▸ About this exercise
Would you restate each line of the data below word for word, without its pictures?
[Recorded data — start]
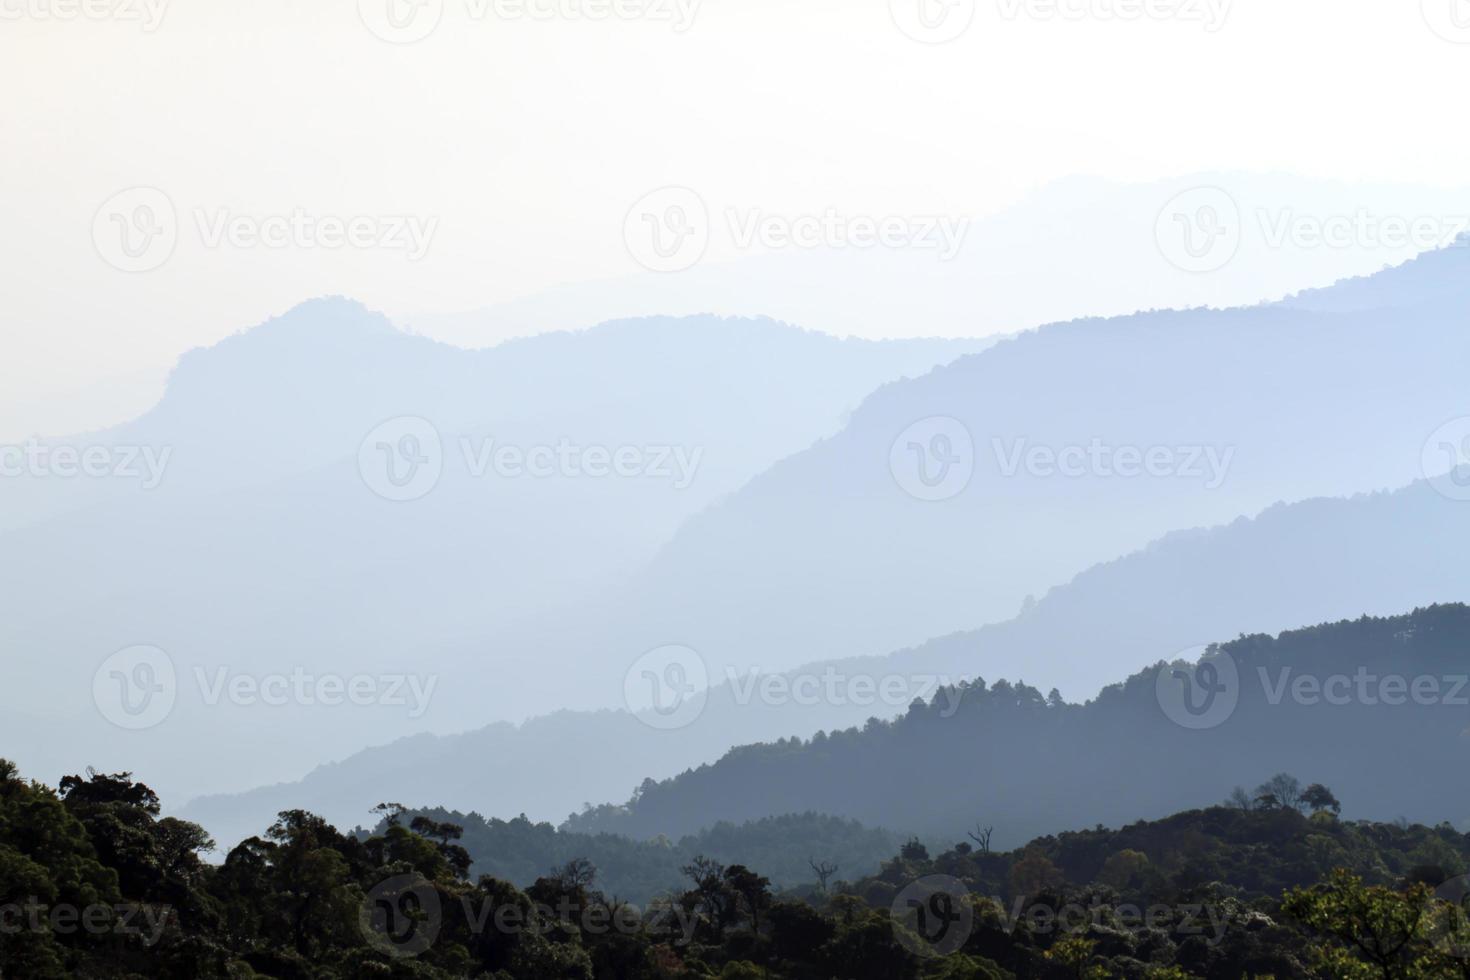 ochtendmist bij tropische bergketen, thailand foto
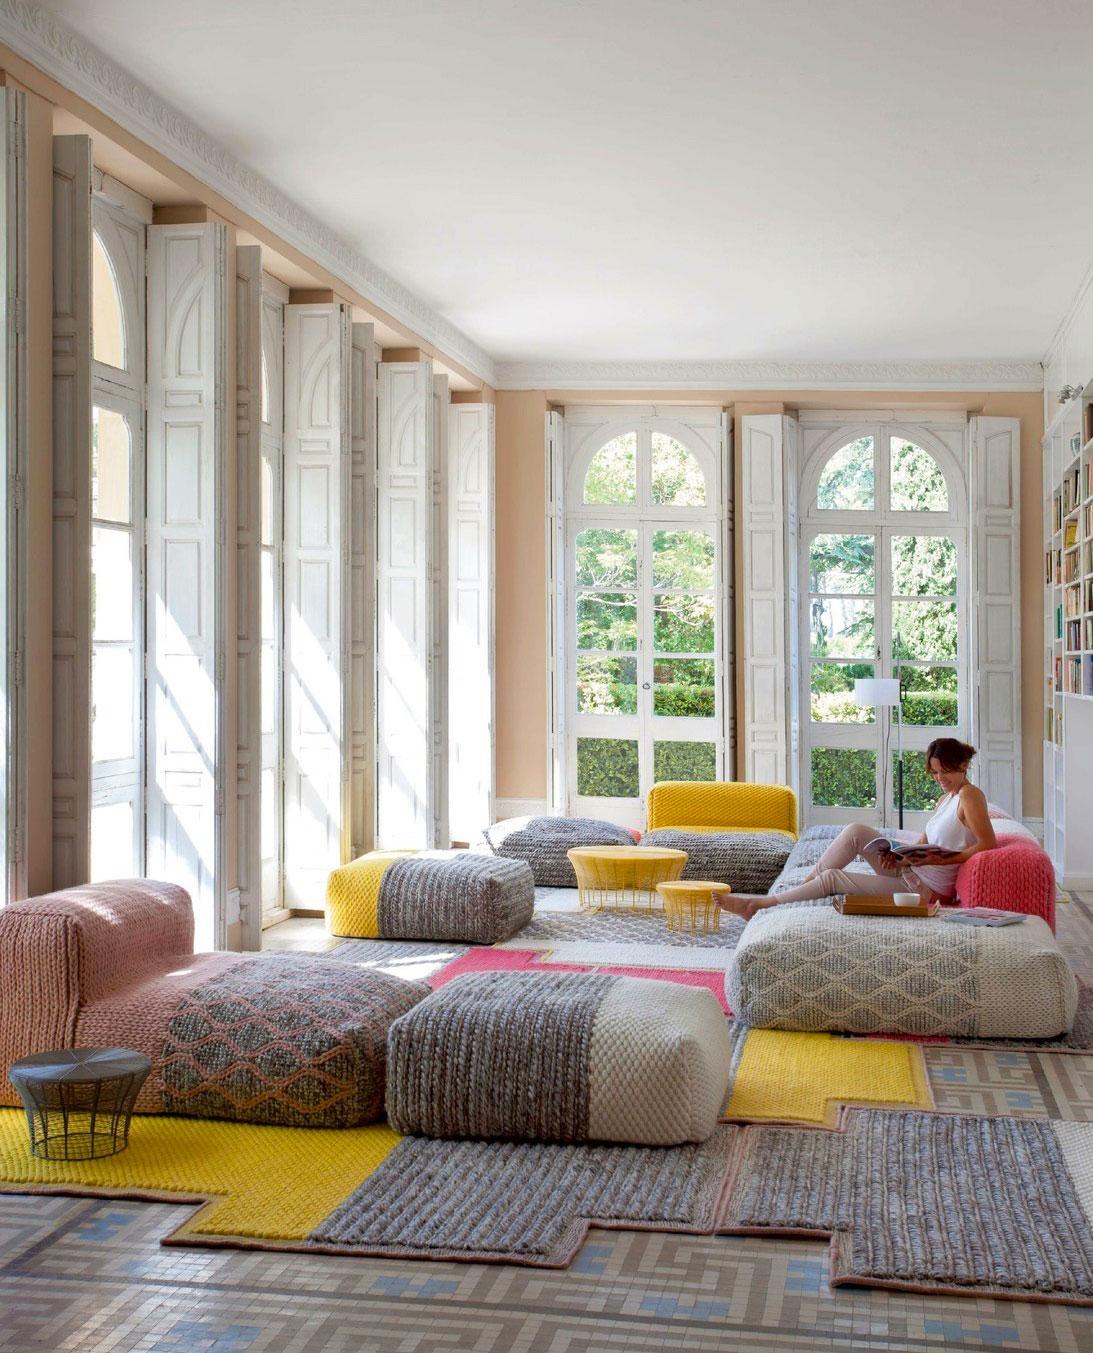 Full Size of Sofa Alternatives Couch For Small Spaces Living Room Togo Uk Bed Best To Sleeper Sofas Crossword Cheap Ikea Ideas 3 Sitzer 2er Arten Brühl Impressionen Kissen Sofa Sofa Alternatives
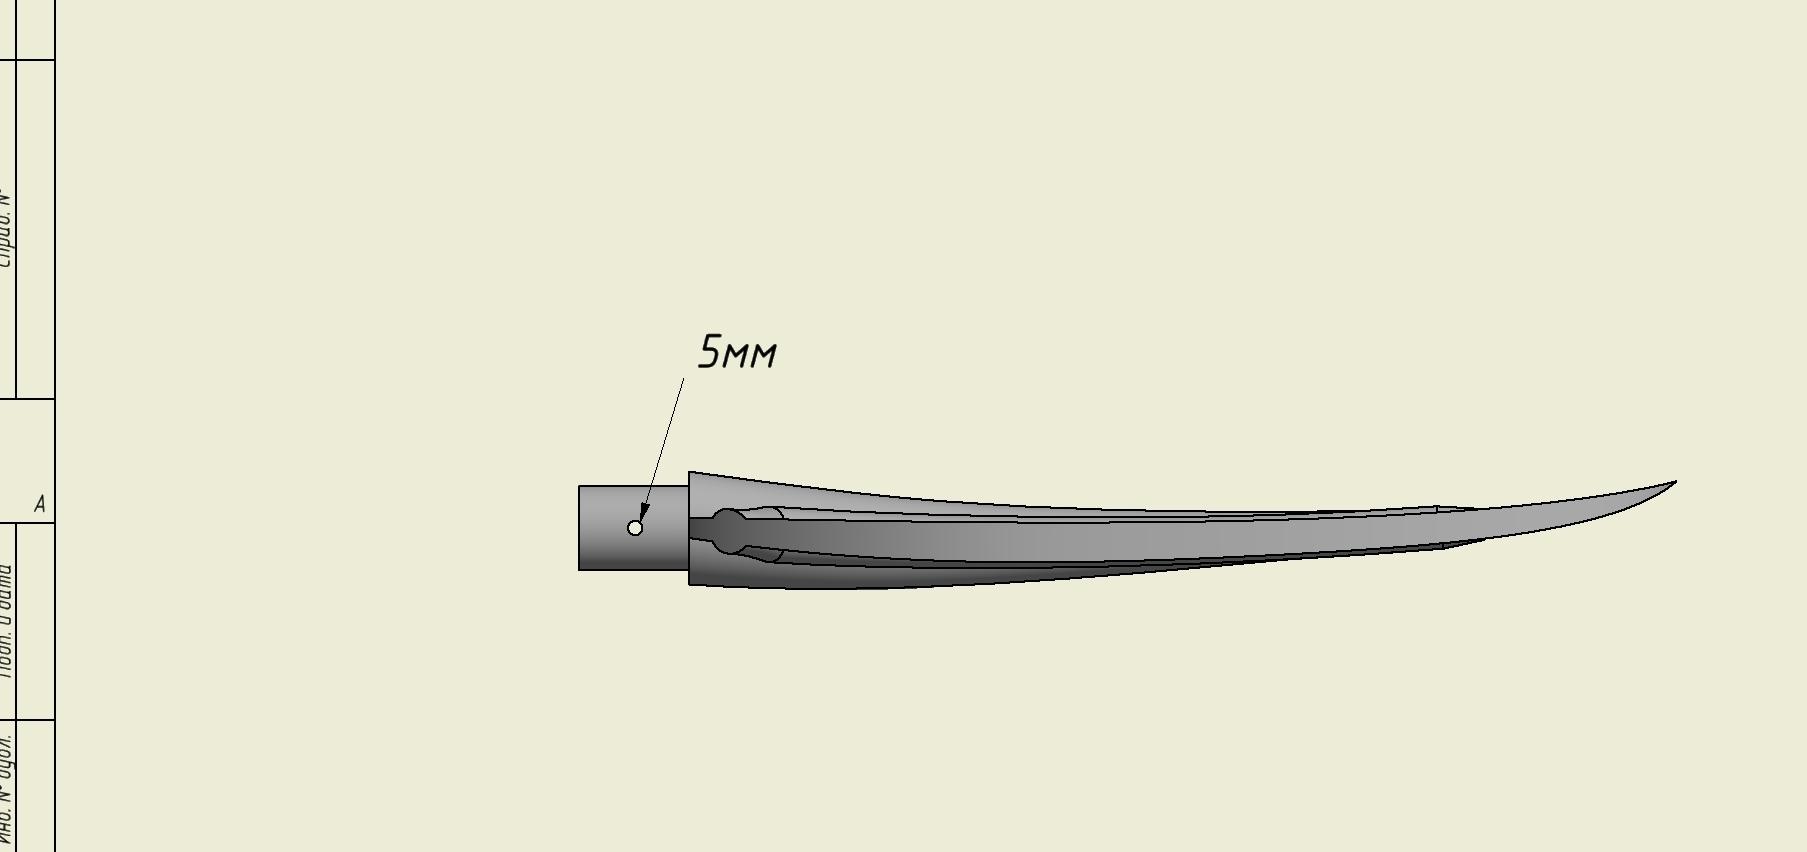 4444.jpg Download free STL file Paddle/Весло • 3D printing design, MaKs
[Recorded data — finish]
▸ Problem solution
 ochtendmist bij tropische bergketen, thailand foto
 Full Size of Sofa Alternatives Couch For Small Spaces Living Room Togo Uk Bed Best To Sleeper Sofas Crossword Cheap Ikea Ideas 3 Sitzer 2er Arten Brühl Impressionen Kissen Sofa Sofa Alternatives
 4444.jpg Download free STL file Paddle/Весло • 3D printing design, MaKs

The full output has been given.